Taboada Leal, el padre de los confinamientos

El hidrólogo de Viveiro defendió la necesidad de la cuarentena en la epidemia del cólera-morbo y otras medidas higiénicas pioneras

DURANTE MUCHOS AÑOS, a su Descripción Topográfico-Histórica de la Ciudad de Vigo y su Comarca (1840) se la llamó el Evangelio de los vigueses y por ella se guiaron urbanistas, cronistas y munícipes que le siguieron para conocer la historia de la ciudad.

Nicolás Taboada Leal, (Viveiro, 1798), quería ser médico, pero su padre, Vicente Taboada La Torre, que también lo era, se opuso de forma radical sin que sepamos las razones, de modo que Nicolás tuvo que realizar una maniobra de distracción para alcanzar su objetivo.

Se pone a estudiar para maestro y cuando gana dinero, se paga la carrera de galeno que remata con el título de médico-cirujano el 25 de octubre de 1826 en la Universidad de Santiago, tampoco demasiado tarde.

¿Le apoyaba su madre, María Leal Fernández? Posiblemente. Y quizá también su padre, que solo pretendía poner a prueba la vocación de su hijo.

La historia dirá que la operación fue un éxito, pues Taboada Leal es reconocido hoy por adelantarse al estudio del cólera morbo, y por defender contra viento y marea medidas esenciales de profilaxis que ayudaron a contener la devastadora epidemia de 1848 que causa 300.000 víctimas en España.
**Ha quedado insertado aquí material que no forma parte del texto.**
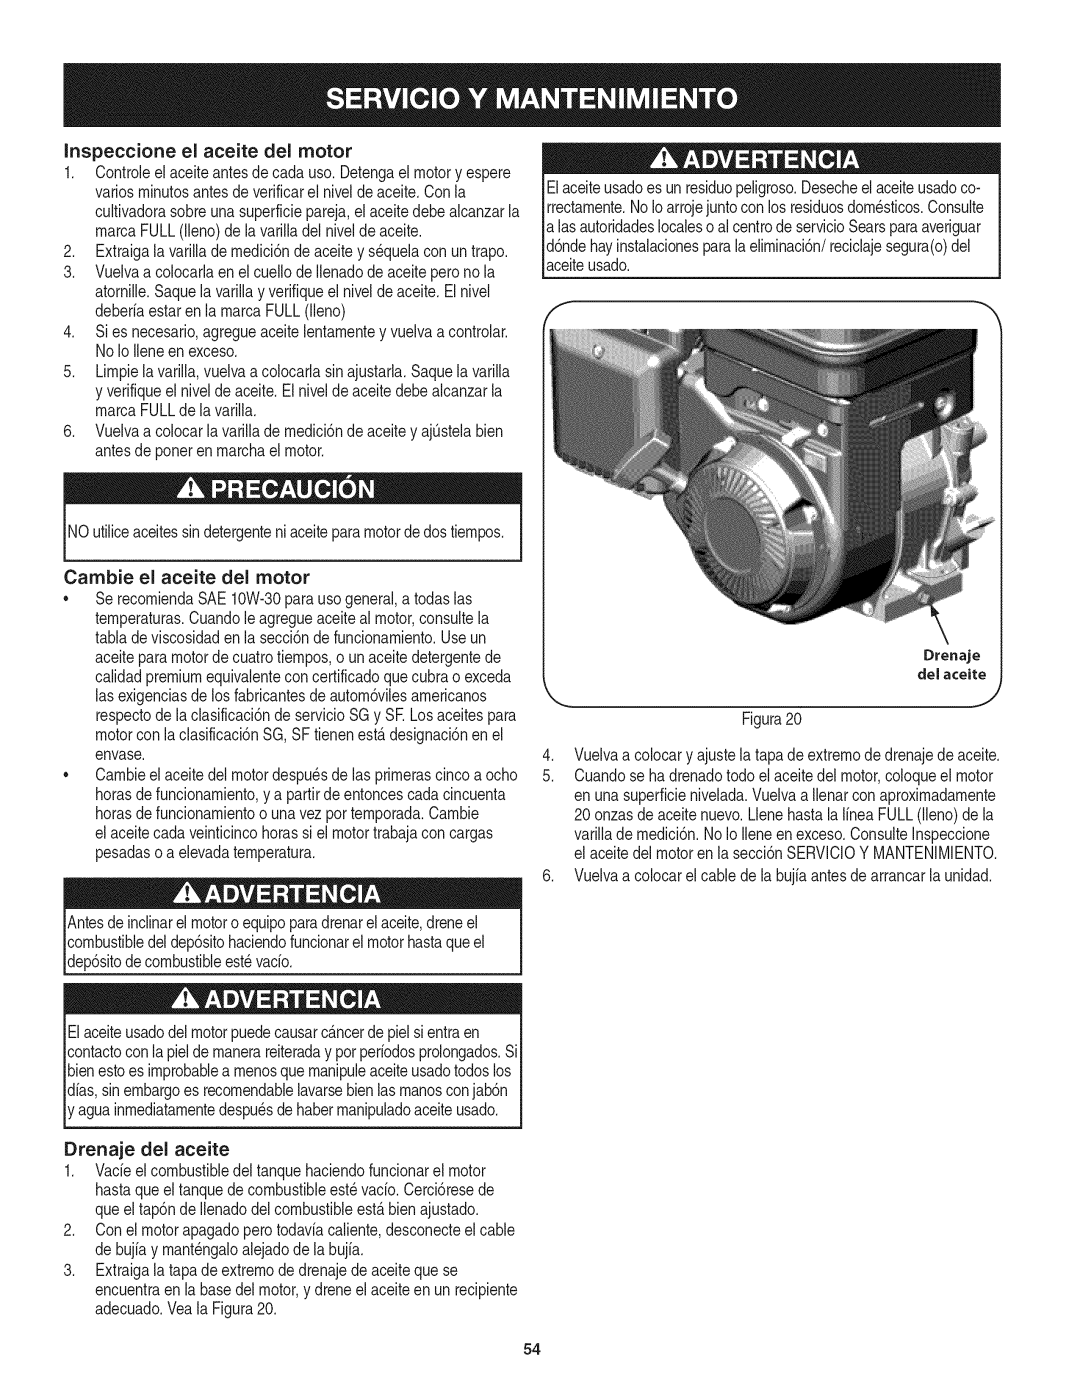 Craftsman 247.29931 manual Inspeccione el aceite del motor

Taboada, que también será cronista de Vigo, escribe un Informe para la Junta de Sanidad de Vigo, en el que se defiende la idea de que el cólera es contagioso de persona a persona, en contra de quienes se tienen por anticontagionistas, así autollamados, que temen la certeza de dicha posibilidad, pues supondría cerrar los puertos y aislar las poblaciones como ahora ocurre, medidas devastadoras en contra del comercio y las industrias.

Su primer destino como médico había sido el año 1923 en la parroquia de Santo Estevo de Oca, en A Estrada (Pontevedra), donde ya desarrolla una destacada labor en pro de la vacuna de la viruela. Después es asistente voluntario en el Hospital de la Caridad de Vigo, donde mantendrá una presencia durante 65 años.
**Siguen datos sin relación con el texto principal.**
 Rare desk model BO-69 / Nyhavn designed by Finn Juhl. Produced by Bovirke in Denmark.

Es el primer médico que ve en España un caso de cólera, el de Fernando Conde, vecino del Areal. Como consultor de la Junta de Sanidad, subdelegado de Medicina y segundo ayudante honorario del Cuerpo de Sanidad Militar, propone las islas de San Simón y San Antonio para crear un lazareto donde podrían pasar las cuarentenas los tripulantes de los barcos procedentes de zonas endémicas y también estudia las aguas mineromedicinales de Galicia, como continuación del trabajo iniciado por el monfortino Antonio Casares, labor que le vale el título de O hidrólogo de Viveiro, que le concede Fausto Galdo.

En otra área del conocimiento está la descripción de Vigo a la que aludíamos al principio y sus trabajos sobre higiene y productos alimenticios, todos ellos redactados desde la erudición y una concepción moderna de la medicina, que le hacen merecedor de varios reconocimientos oficiales, como la cruz de Epidemias y la cruz de Isabel la Católica.

En el terreno literario es autor de un canto épico a los liberales que luchan durante el Trienio Liberal contra los Cien mil hijos de San Luis y de La tía Marizápalos. Cuentos maravillosos de magia, publicado en Madrid (1840) sobre ese personaje popular que da sobrenombre a la Calderona, la amante de Felipe IV.

Taboada Leal muere en Vigo el 4 de octubre de 1883, a los 84 años de edad. Su nombre fue muy popular entre los aficionados al baloncesto, pues en la calle viguesa a él dedicada se encontraba la cancha del Bosco y de otros equipos, conocida en toda Galicia por sus apellidos, aunque la mayoría de las veces se repetía sin saber sus méritos.